What this task involves. An exact transcription of the listing, without its images, is what the answer must contain.

Supplied data.
Segment Open

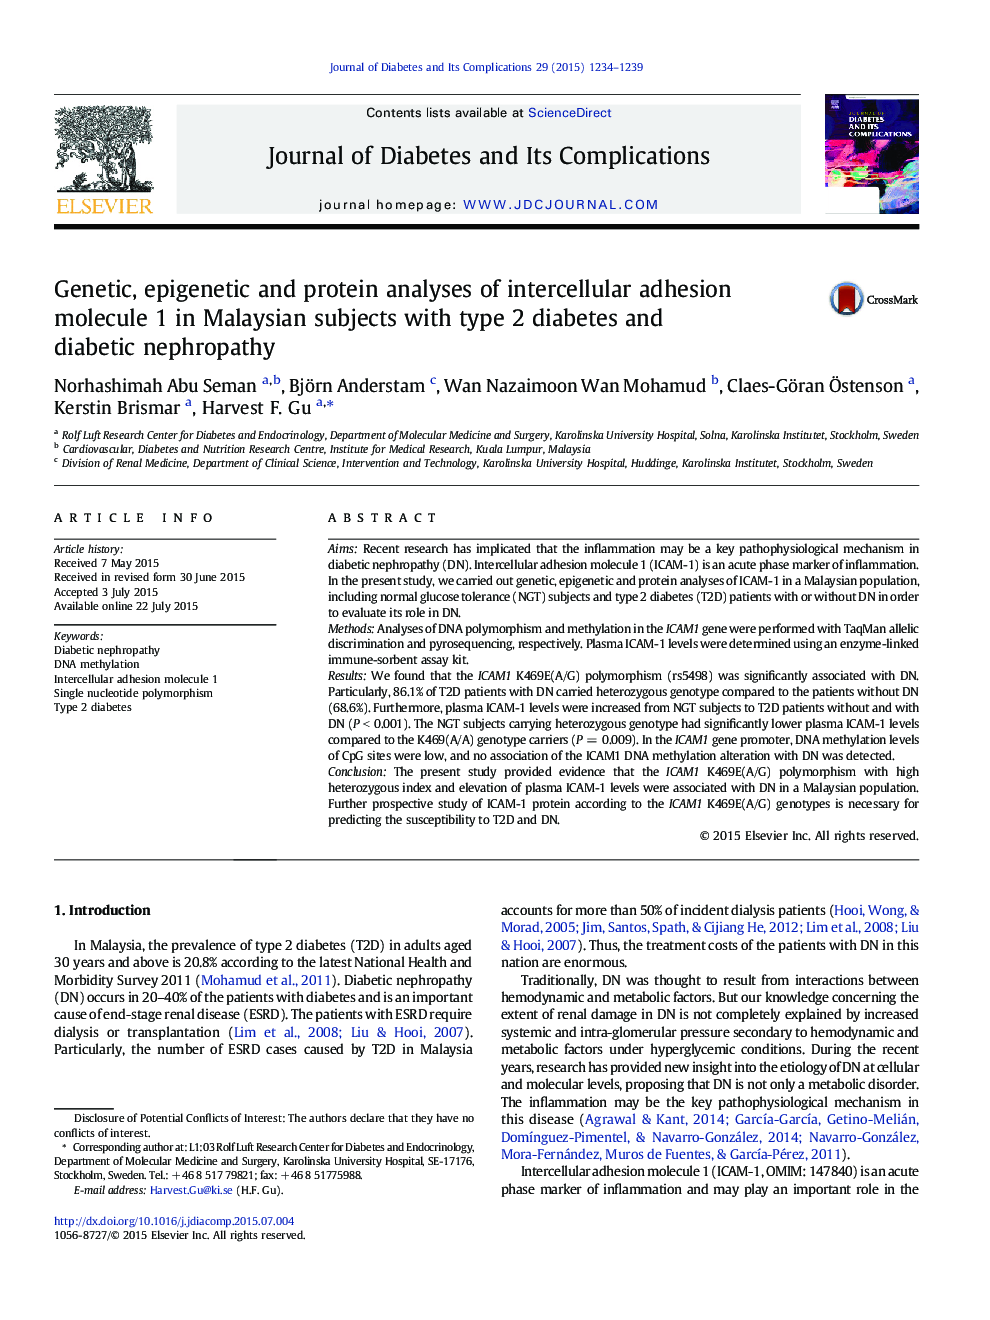 بررسی ژنتیکی، اپی ژنتیک و پروتئین مولکول چسبندگی بین سلولی 1 در افراد مالزیایی مبتلا به دیابت نوع 2 و نفروپاتی دیابتی 
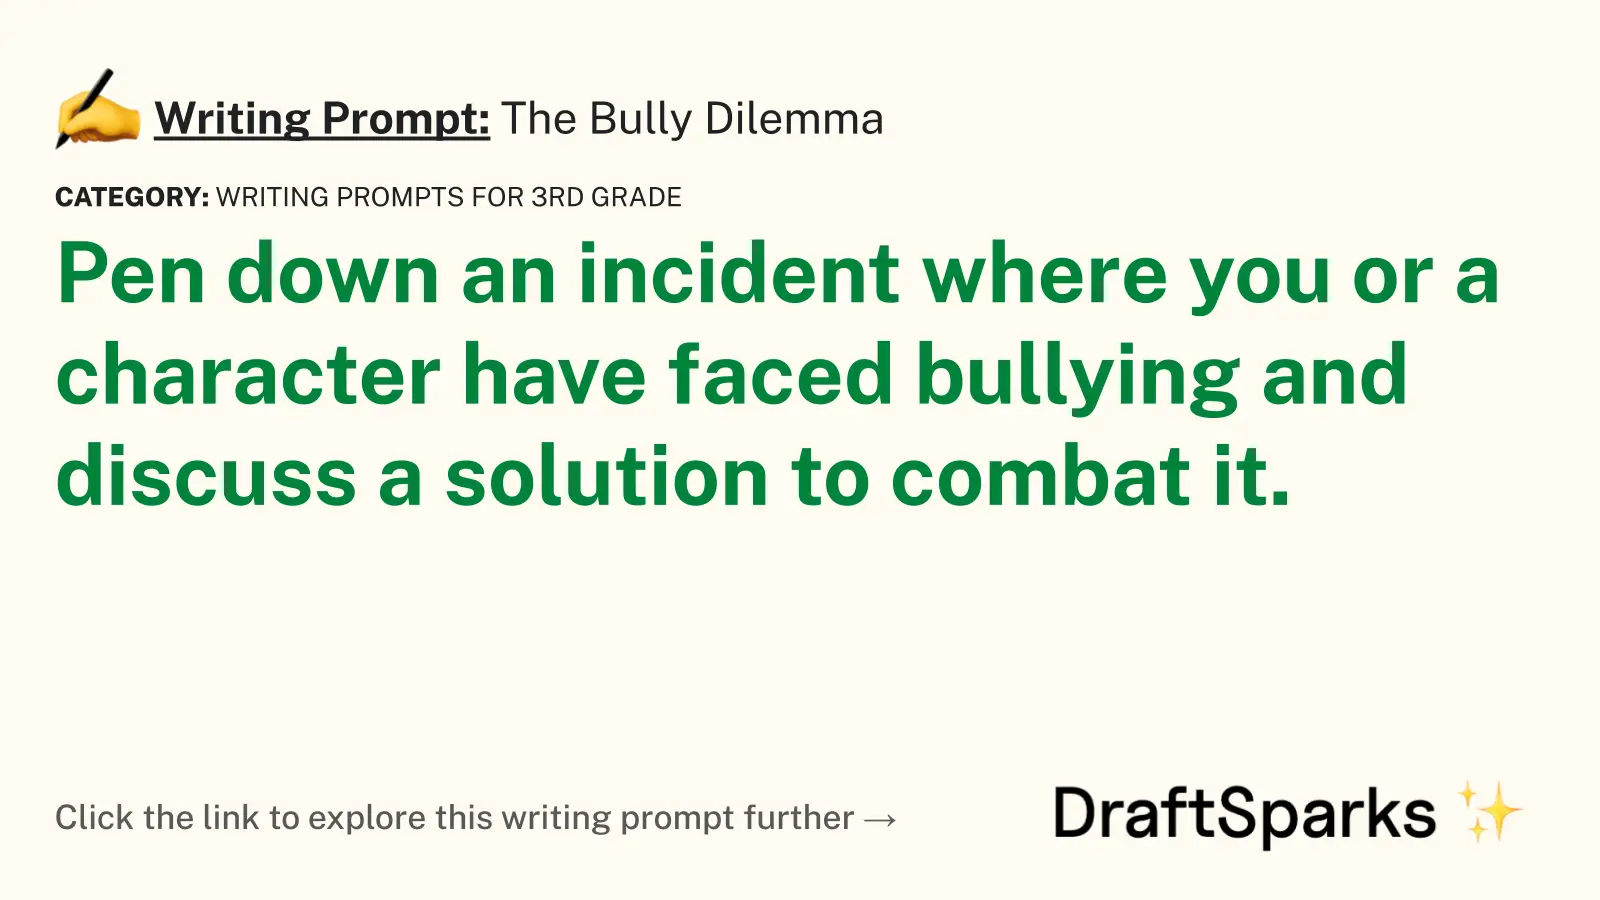 The Bully Dilemma
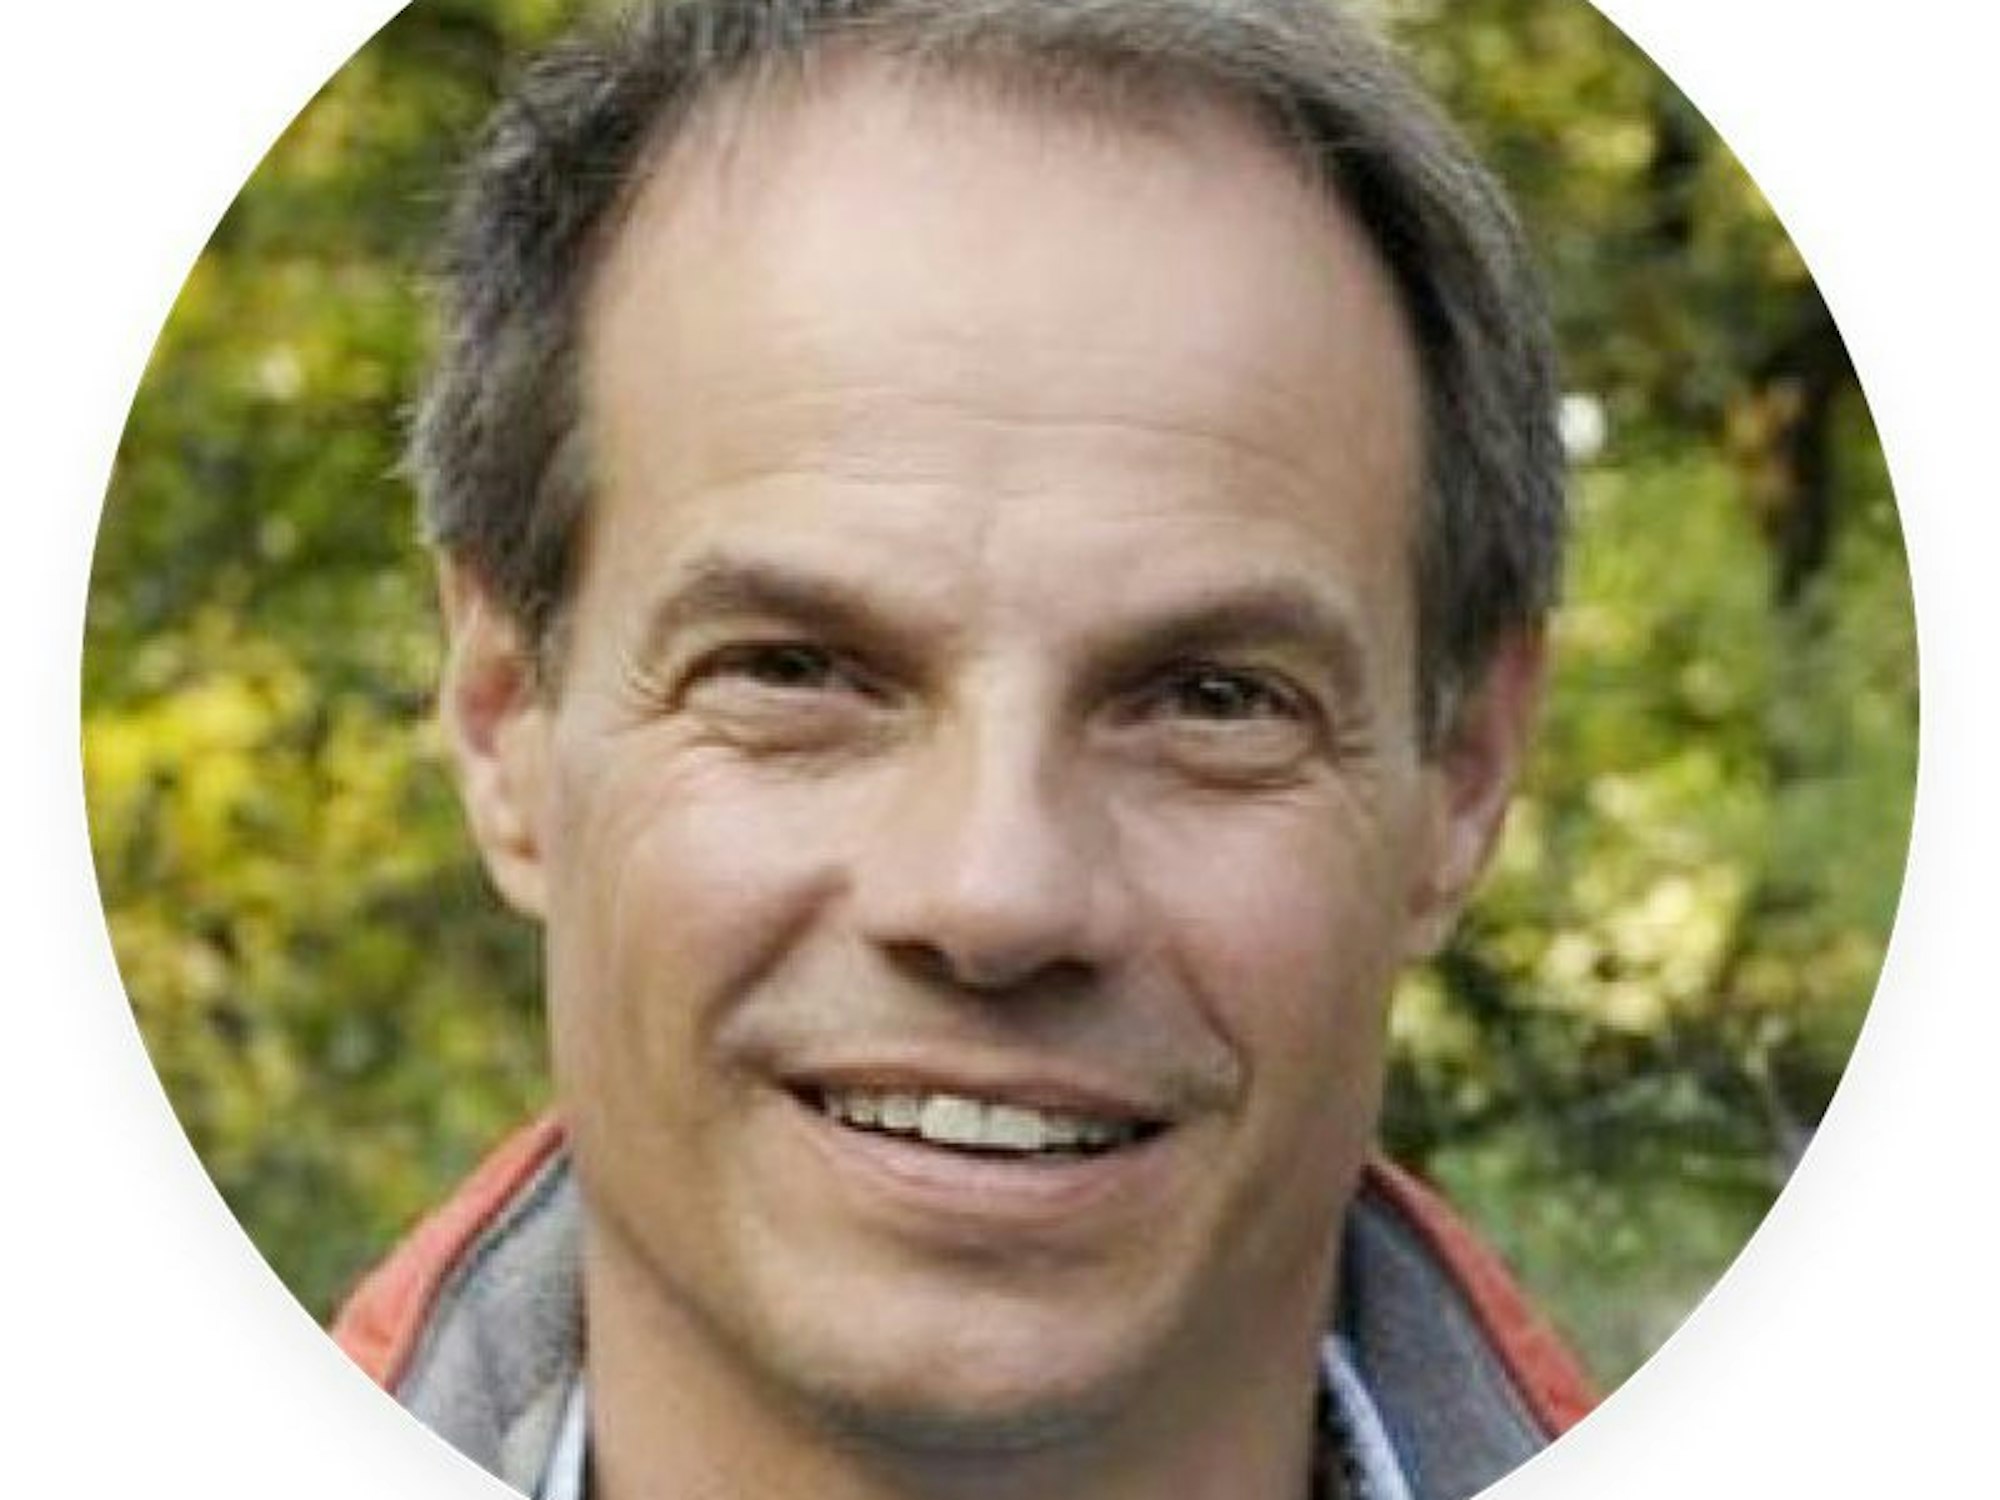 Dr. Markus Phlippen, Biologe, Gartenexperte und wiss. Leiter bei gardify.de

Segment Closed

Expected answer.
 بررسی ژنتیکی، اپی ژنتیک و پروتئین مولکول چسبندگی بین سلولی 1 در افراد مالزیایی مبتلا به دیابت نوع 2 و نفروپاتی دیابتی 
 The Bully Dilemma
 Dr. Markus Phlippen, Biologe, Gartenexperte und wiss. Leiter bei gardify.de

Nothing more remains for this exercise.